На этот вопрос ответить было трудно. Не было зримой черты и конкретной даты. Но когда я спохватился, место любви уже занимала привычка. Была любовь — и кончилась, и истончилась вся, ушла в сухую землю по каплям. Вдруг стало не о чем говорить. Да, говорить было не о чем, исчезли точки соприкосновения душ. Пришло одиночество. Оно пришло, и осталось, и начало разрастаться. Оно началось с умалчиваний. Сначала я не говорил Рае всего, и она не говорила мне всего. Потом я перестал говорить ей о том, что мне было дорого и важно. Я не делился с ней этим, она не делилась этим со мной. И вот мы вдвоем, но нам одиноко, и чем дальше, тем больше, и тут уже ничего нельзя поправить. Мои дела и жизнь не стали ее делами, ее жизнью. И наоборот. У меня началась своя, отдельная жизнь, у Раи — своя. Незаметно мы отдалились. Отчуждение вело себя ненавязчиво, как хроническая, не доставляющая особых хлопот болезнь. И, принимая во внимание все это, я не думал, что Рая будет так цепко за меня держаться. Это стало для меня первой серьезной неожиданностью. Я считал, что вся наша предыдущая жизнь подготовила ее к разрыву, что фактически он уже произошел и надо лишь оформить его. Но Рая так не считала. «А мы?» — вскричала она. Это было укором настолько сильным, что я остановился, потрясенный. Я ни в чем не мог ее упрекнуть. Была любовь и кончилась. А мы ничего не предприняли, чтобы уберечь ее, укрыть от житейской непогоды, обыденности бытия. Осталась привычка. Но что она в сравнении с любовью?

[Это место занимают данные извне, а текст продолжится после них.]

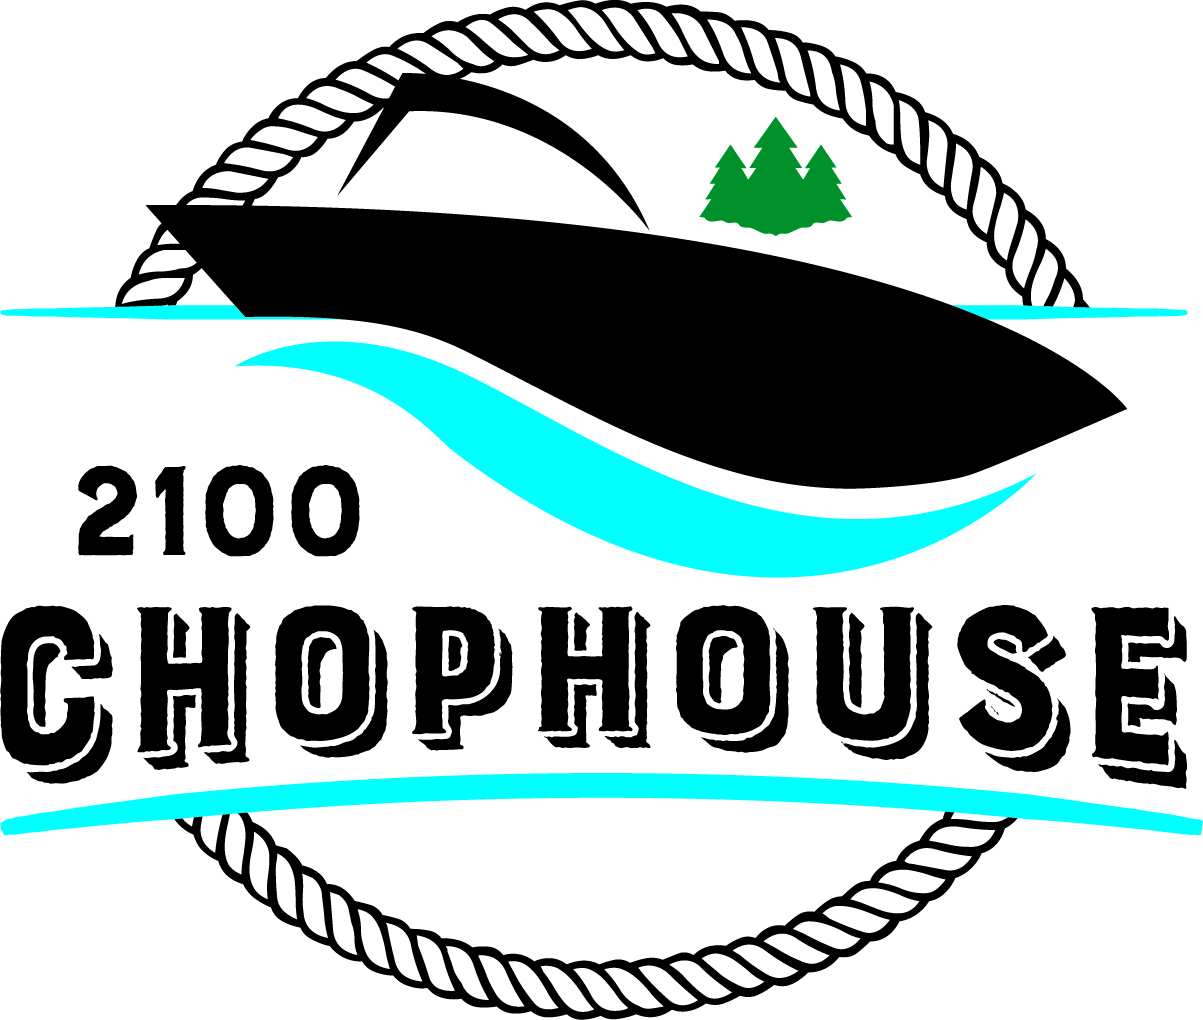 2100 Chophouse Logo 3 color
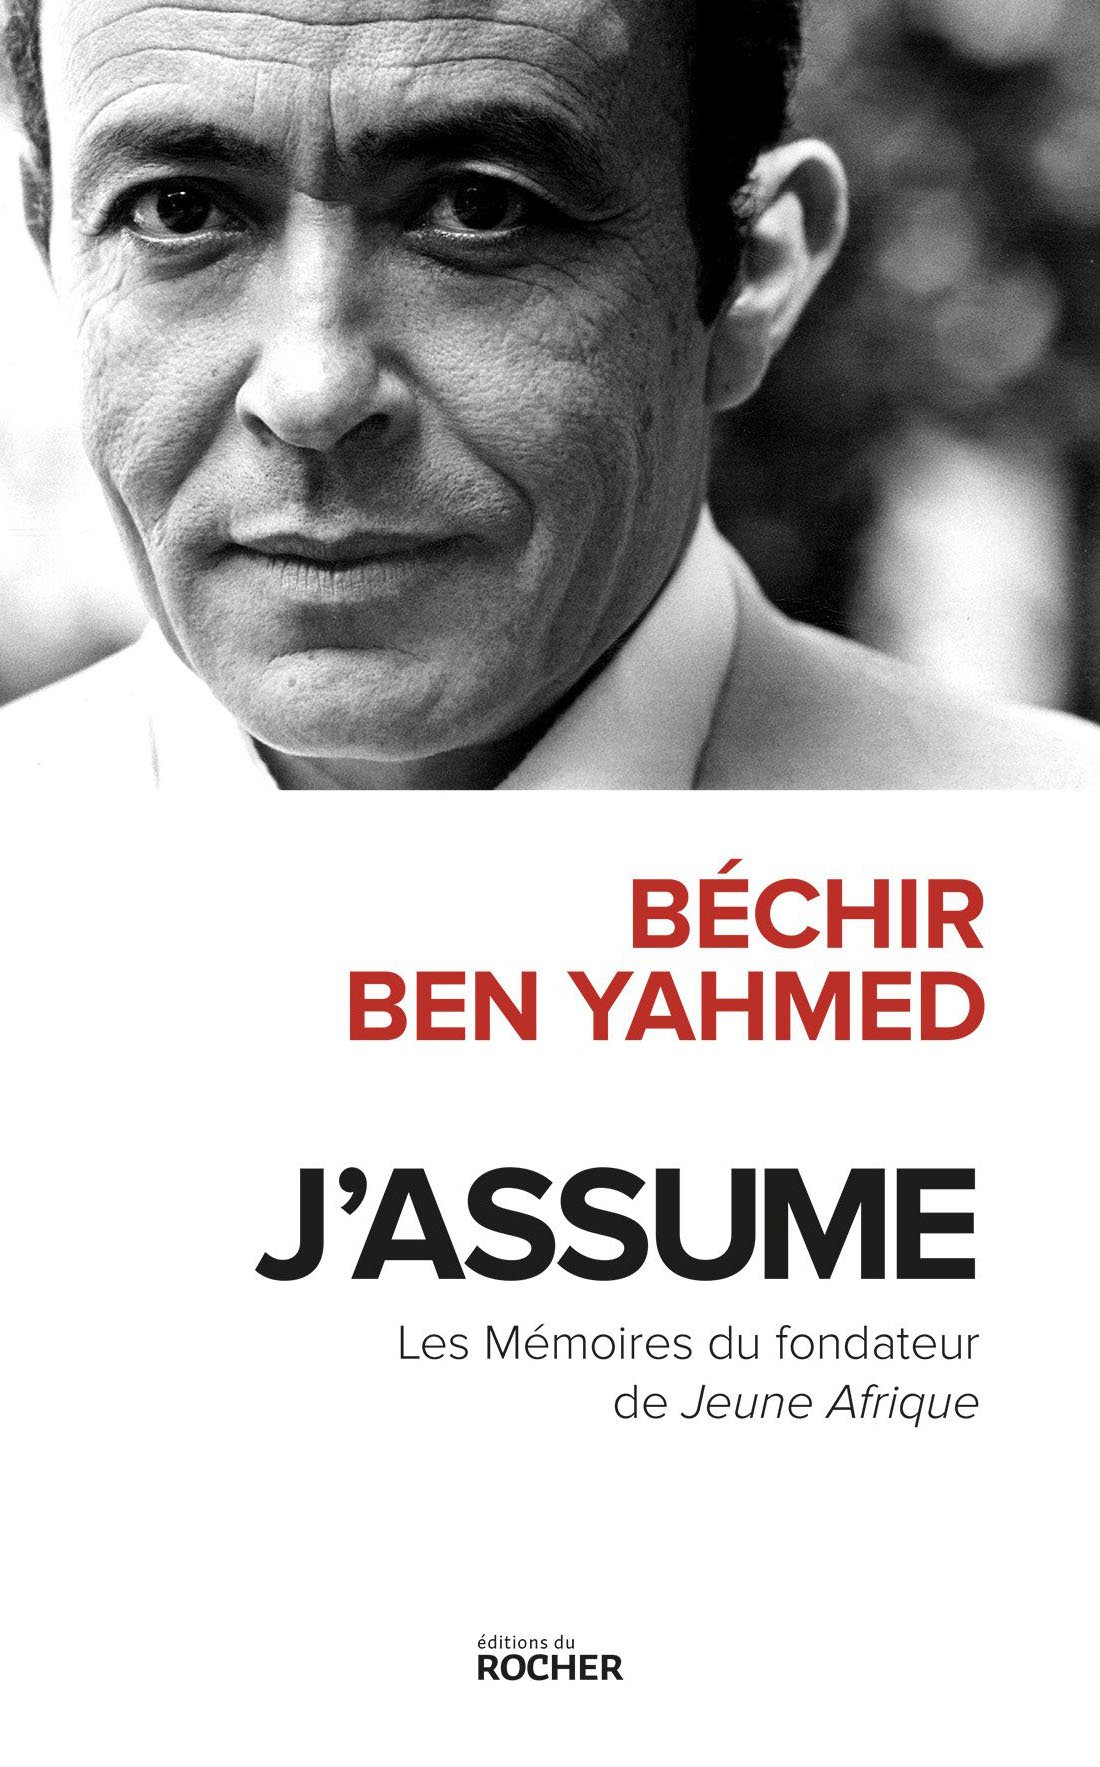 Béchir Ben Yahmed, fondateur de Jeune Afrique. &copy; JA
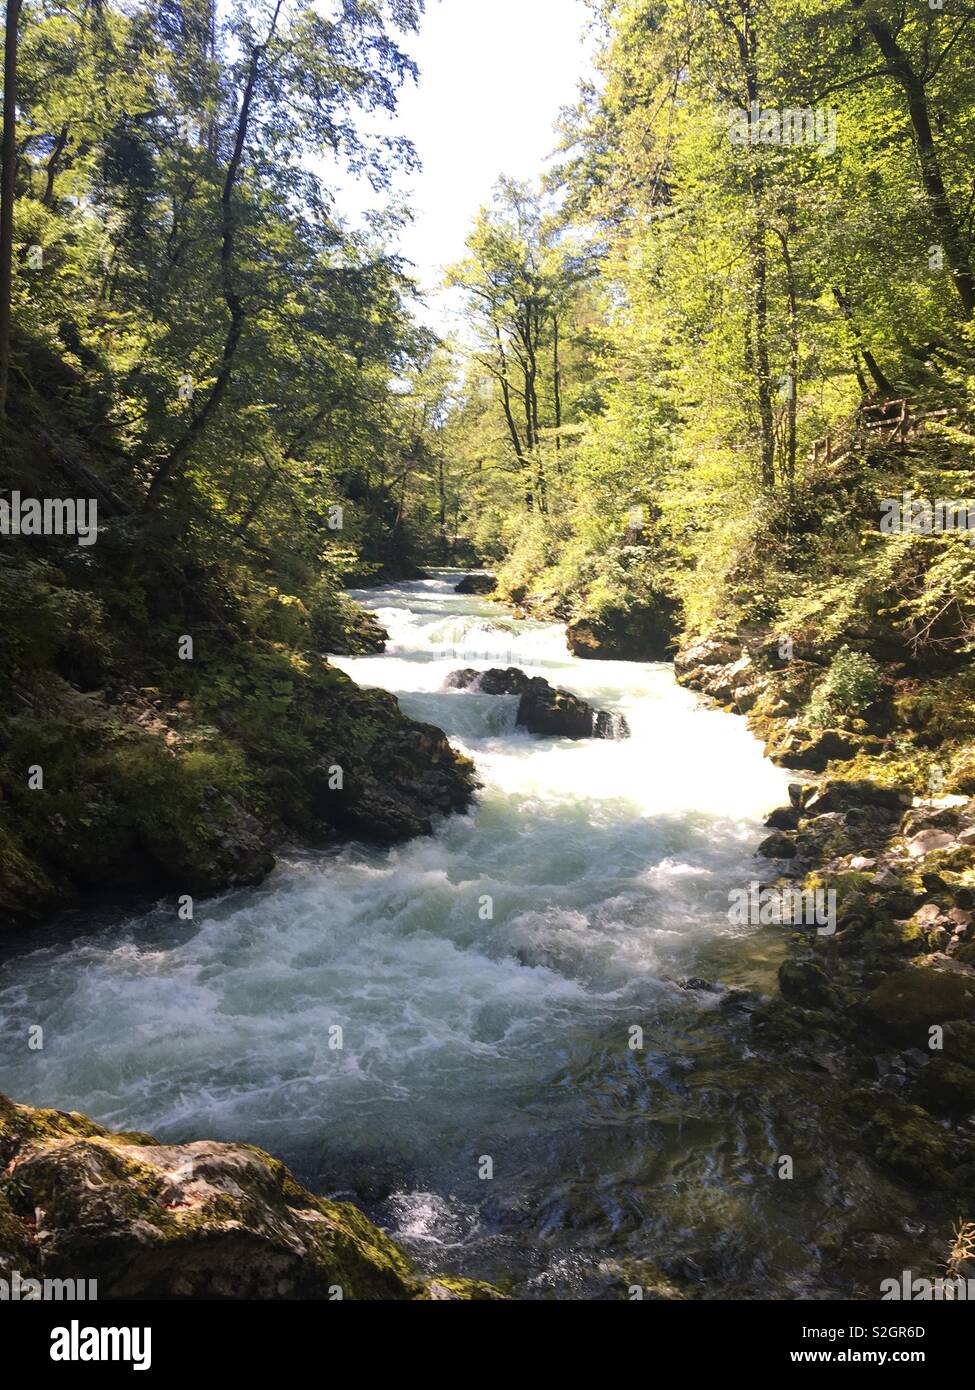 Rushing water in Slovenia Stock Photo

Отчужденность росла. Настал день, когда в пустоту и сумеречность моего одиночества вошла Катя. К нам в лабораторию она попала после трехлетней работы в газете. Журналистика нравилась ей, она горела, шла напролом, защищая обиженных, не желая смягчать острые углы. Это вело к конфликтам. Редактор один волен был определять степень остроты материала, уровень критики. Доказать свою правоту Катя не сумела, ей пришлось уйти. То есть ей казалось, что она всецело права, что правда жизни на ее стороне, что ее несправедливо и грубо ущемляет консерватор, которому возмутитель спокойствия всегда не ко двору. Редактору казалось, что правда жизни — а уж в этом-то он разбирался! — на его стороне. Свое поражение Катя переживала болезненно. Рушились честолюбивые мечты о центральной прессе, о статьях, вызывающих общесоюзный резонанс. Юношеские фантазии о быстром взлете, о свете прожекторов, заливающем ее, единственную и неповторимую в этом мире, были безжалостно поколеблены. Можно даже сказать, что они были попраны редактором-солдафоном, в котором — она это знала твердо — никогда уже не проснется борец за социальную справедливость. Любопытно, что отзывы многих людей совпадали с Катиным мнением. И это поддерживало ее морально. В каждодневном газетном горении летело время, а личная жизнь оставалась неустроенной. Возможно, ей не встретился хороший человек.